According to Wikipedia:
Zionism is a nationalist movement that emerged in the 19th century to enable the establishment of a homeland for the Jewish people in Palestine, a region roughly corresponding to the Land of Israel in Jewish tradition. Following the establishment of the modern state of Israel, Zionism became an ideology that supports the development and protection of the State of Israel as a Jewish state.
According to this article, when Zionism started in the 19th century, Jews were only a small minority of the population:
In the 1880s, when the first colonies were formed, Jews made up only 3 or 4 percent of the inhabitants of what would become Palestine. Most of them were Biblical scholars funded from abroad. The rest of the inhabitants were Arab Muslims and Christians. [..] In 1947, on the eve of the United Nations decision to partition the country, Jews still made up only 32 percent of the population. In the partition, which the Arabs rejected, Jews got 55 percent of the land, including the most economically viable areas, and the Arabs only 40 percent
Before and during the creation of Israel, the founders of Israel acknowledged that ethnic cleansing was necessary for the purpose of establishing a Jewish state (from Wikipedia):
Israeli historian Benny Morris, widely regarded as an authority on the Arab-Israeli conflict and the leading authority on origins of the Palestinian refugee problem [..] goes on to describe Zionism as "a colonizing and expansionist ideology and movement" whose "ideology and practice were necessarily and elementally expansionist." Morris describes the Zionist goal of establishing a Jewish state in Palestine as necessarily displacing and dispossessing the Arab population. The practical issue of establishing a Jewish state in a majority non-Jewish and Arab region was a fundamental issue for the Zionist movement. Revisionist Zionist Ze'ev Jabotinsky described the notion of "transfer" (the Zionist euphemism for ethnic cleansing of the Arab Palestinian population) as a "brutal expulsion" which could resolve this challenge. The idea of transfer was not unique to Revisionist Zionism, in fact, as explained by Morris, "the idea of transferring the Arabs out... was seen as the chief means of assuring the stability of the 'Jewishness' of the proposed Jewish State".

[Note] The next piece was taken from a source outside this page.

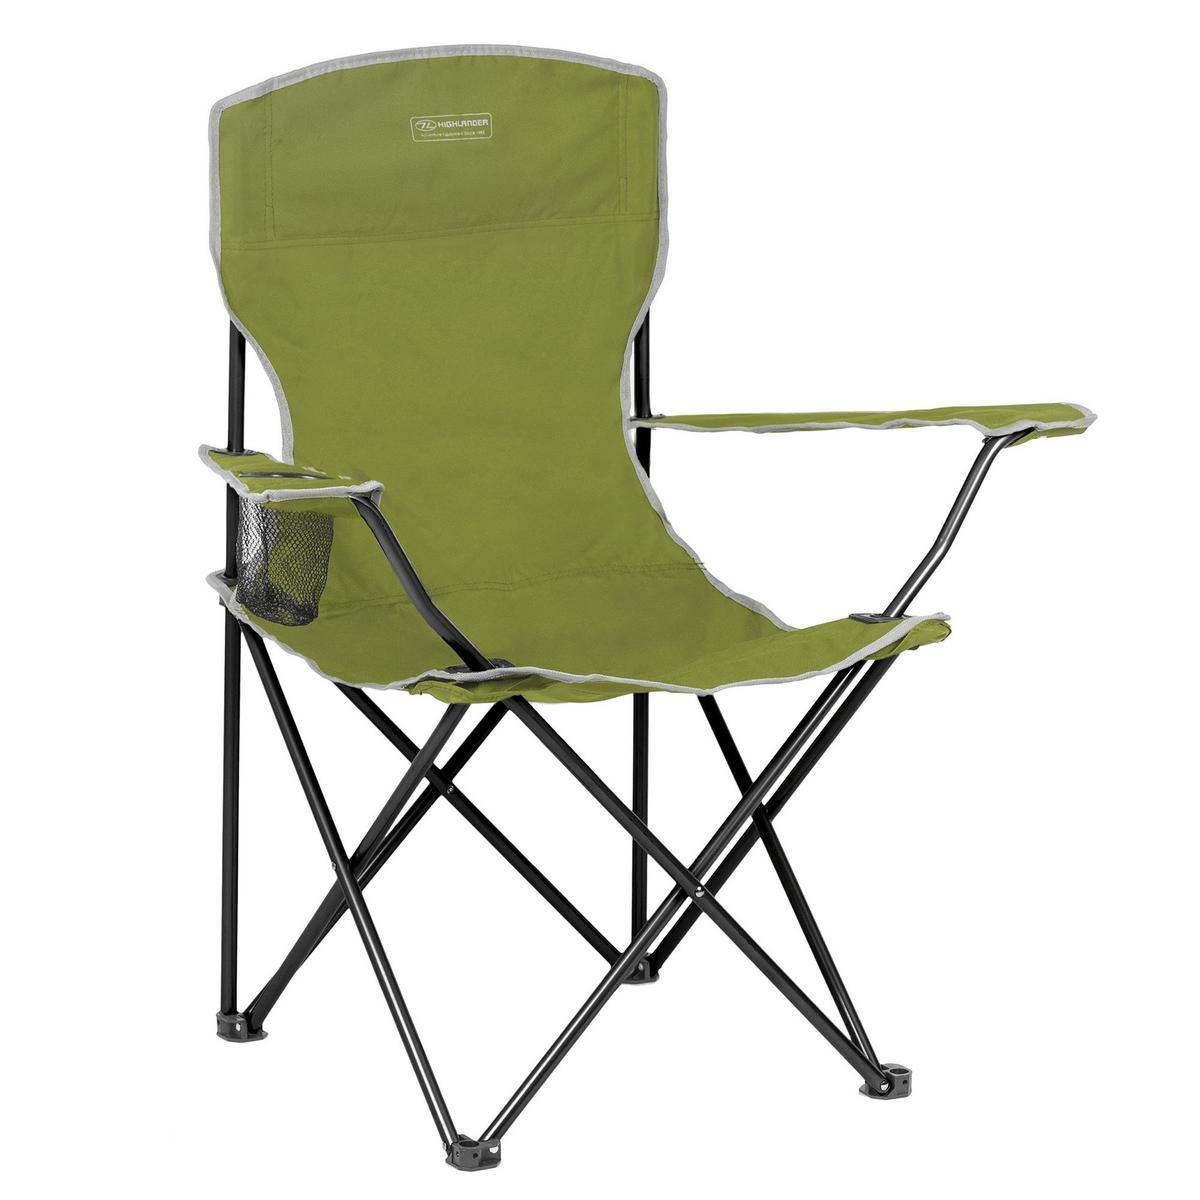 Highlander Traquair Folding Chair - Green

In Israel, the US and Europe, to what extent is it officially acknowledged that ethnic cleansing has been carried out for the development of Israel as a majority Jewish state?
For example, in these countries, are there UN speeches by government officials which mention it? Do standard history textbooks in Israel (or other Western countries) mention this? Would it be explicitly mentioned in regular documentaries about the history of Israel or about the Israel-Palestine conflict?